I disconnected the ethernet cable from the connection and then I sent the packet via client, then I awaited some time, short enough for the terminal does not recognize the lost connection and long enough to the client does not be able to send the packet. So the client never sends the packet again. How can it be fixed? I want a configuration where the client detects the connection lost or sends a second packet if the connection is restarted fast enough.

One more doubt:

Is there a way to determine the ack timeout?
Is the tcp_retries1 that controls the number of times a packet is sent?

Thanks.
Fabio

tommylovell 02-21-2011 11:21 AM

Ok. This is a tough one, and no one has responded in three hours, so I'll take a stab at it. I may be wrong on some of the technical details and would welcome comments and especially corrections. I'm working on the premise that a bad answer may be better than no answer at all. :)

Quote:

Hi, I have a socket connection where there are some problems with packet lost. The client sends a packet to the server and if the packet does not arrive the destination the client does not send a second packet as I imagine the tcp\ip should assure.
I have looked at hundreds (possibly thousands) of Sniffer and tcpdump traces and have never seen a situation where tcp has failed to retransmit when an ack was late.

Quote:

Reading the man tcp I realized that the parameter "tcp_retries2" controls the time the client takes to detect the connection lost
That is not entirely accurate. "tcp_retries2" controls the number of retransmissions that will take place before tcp will inform the application that an error has occurred, not the amount of time. Typically the error reported is ETIMEDOUT. And at that point the connection is not lost.

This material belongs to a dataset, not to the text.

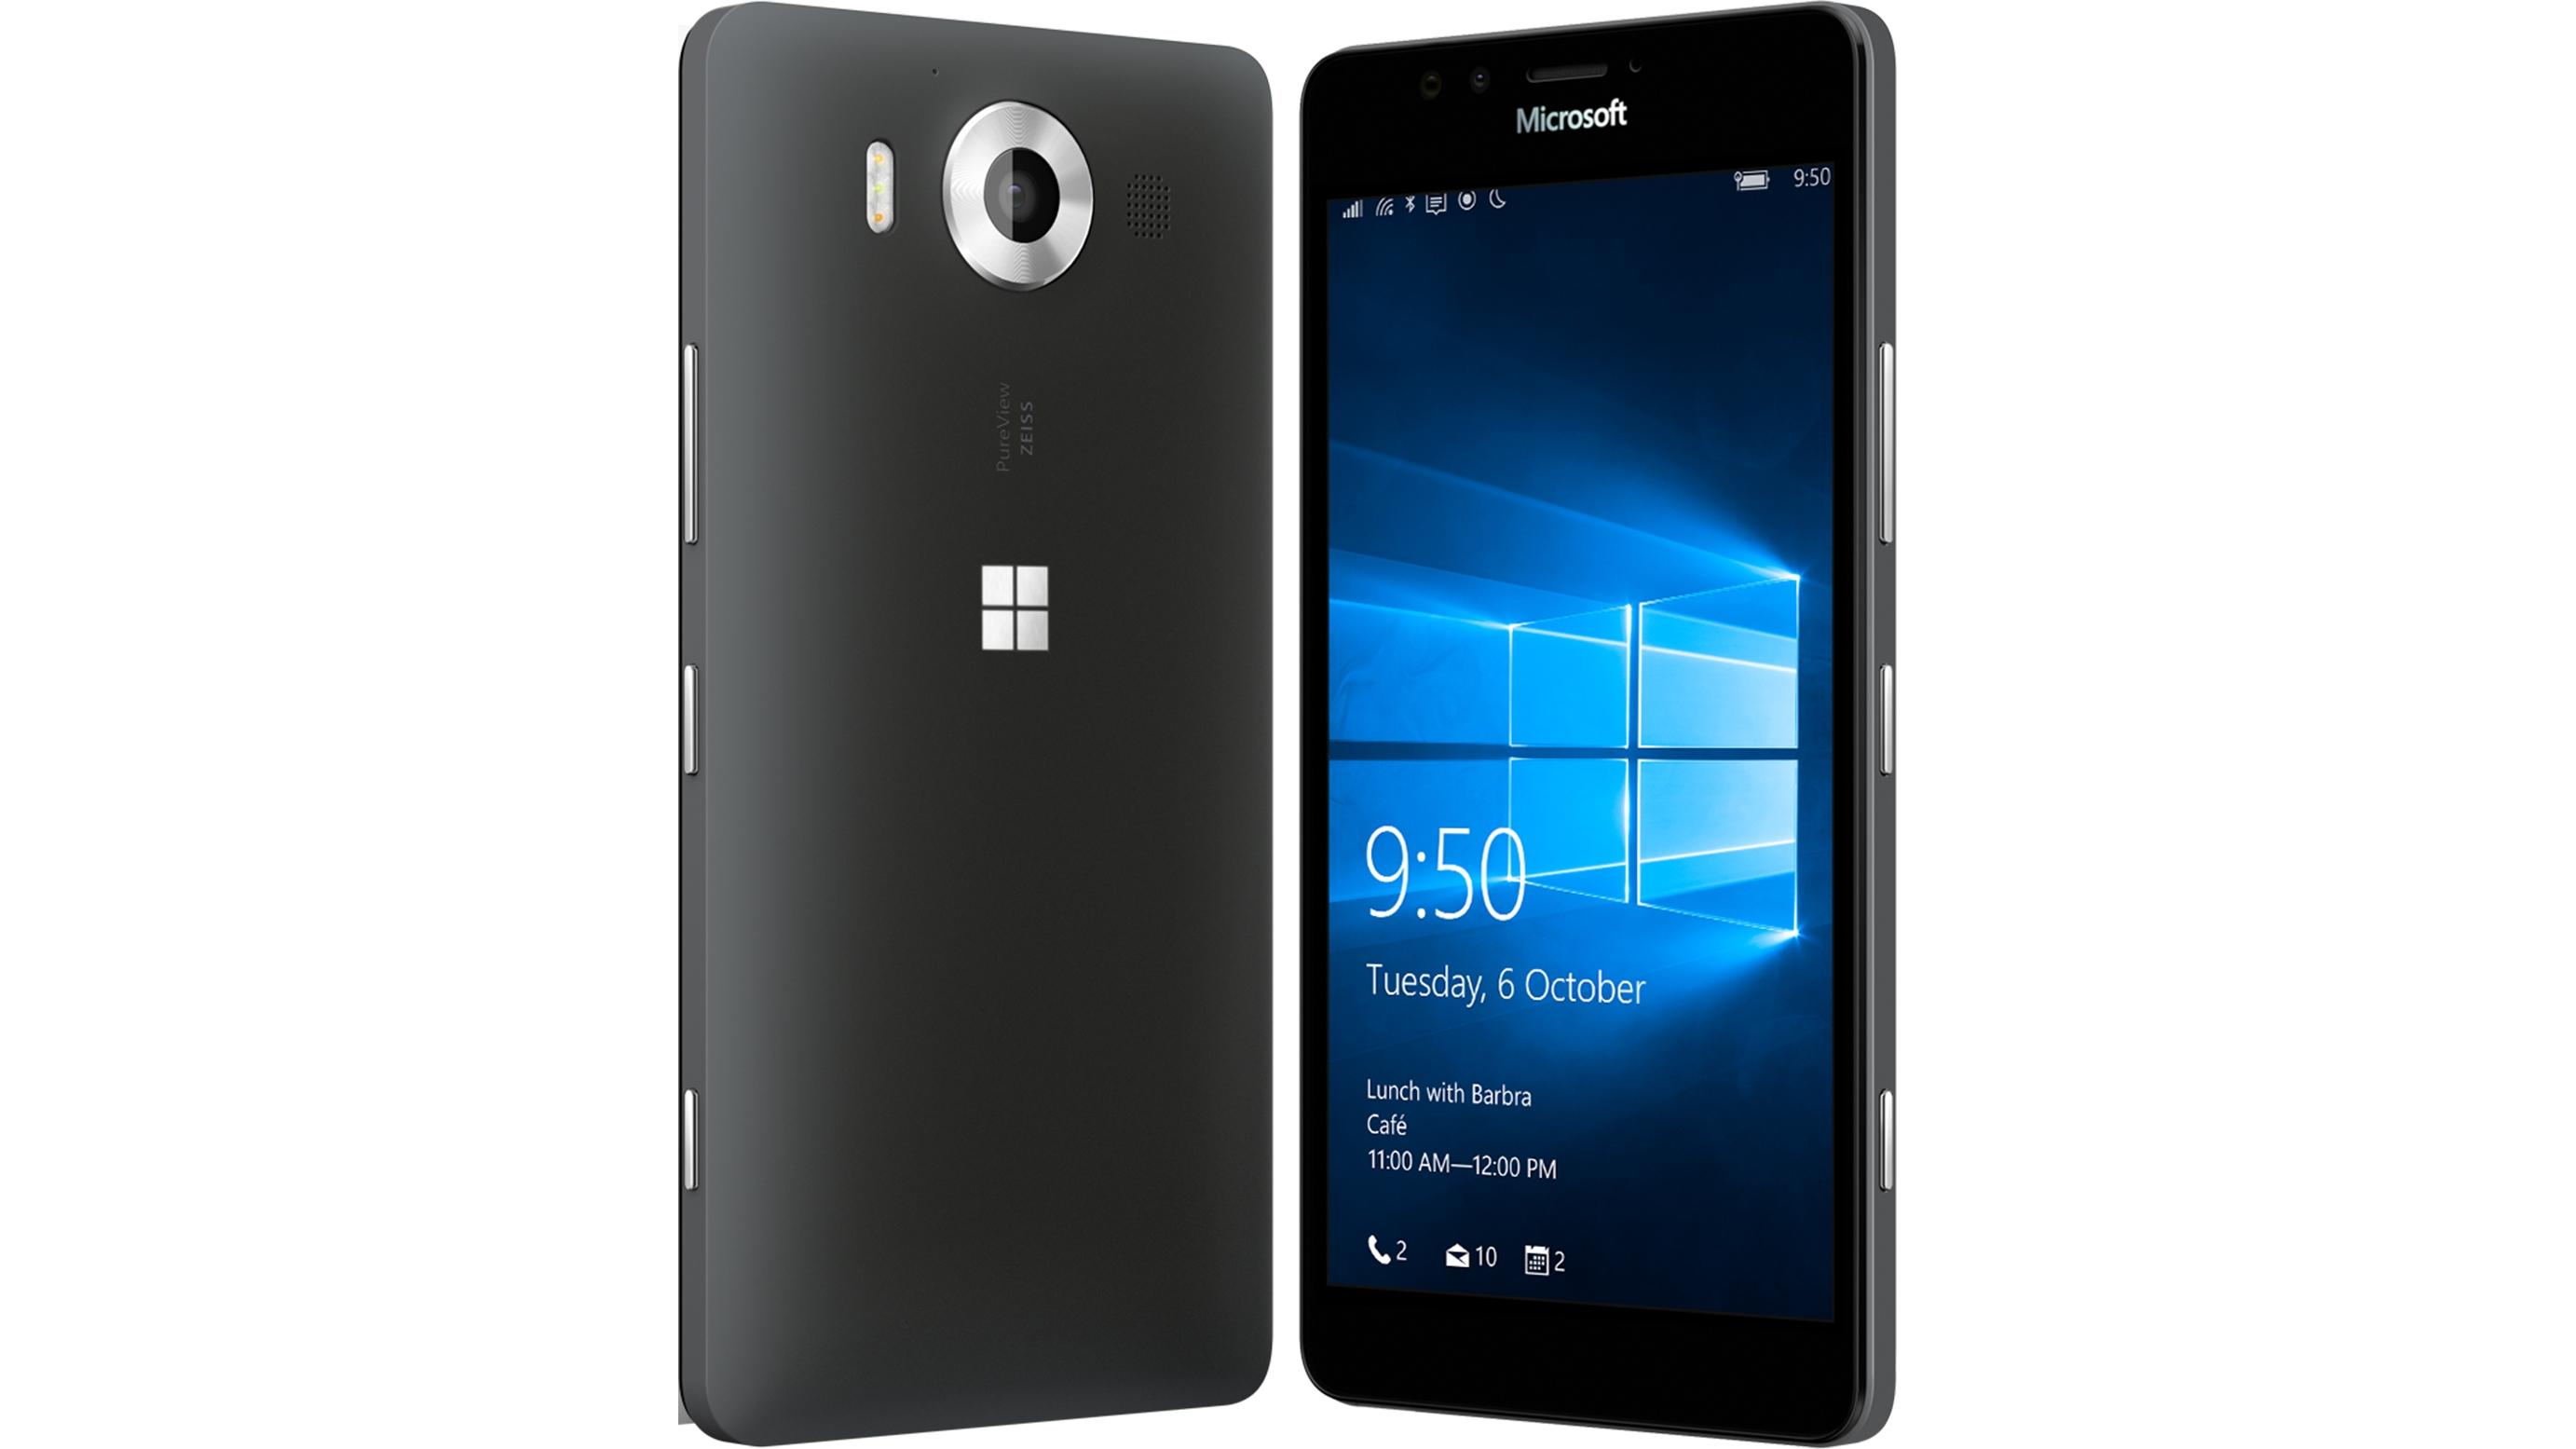 microsoft lumia 950. microsoft lumia 950 - black front and back view e

tcp/ip is often referred to as a "self tuning" protocol. What is meant by that is that it keeps track of various metrics, like packet round-trip time,
receive window size, network congestion, etc.

In terms of detecting packet loss, the TCP/IP Stack that is used in Linux uses an algorithm to constantly calculate the smoothed round-trip time (srtt) for data that it is sending on an established connection and use this as the basis for the Retransmission Timeout (RTO). When tcp determines that the RTO has been exceeded, it retransmits. An "exponential backoff" is applied to the RTO meaning the RTO for subsequent packets is multiplied by 1, then 2, then 4, doubling up to 64. So, on a connection with a 10ms RTO, you would see timeouts of 10ms, 20ms, 40ms, 80ms, 160ms, 320ms, etc. When you get to "tcp_retries2" retries, it considers the error permanent and tells the app.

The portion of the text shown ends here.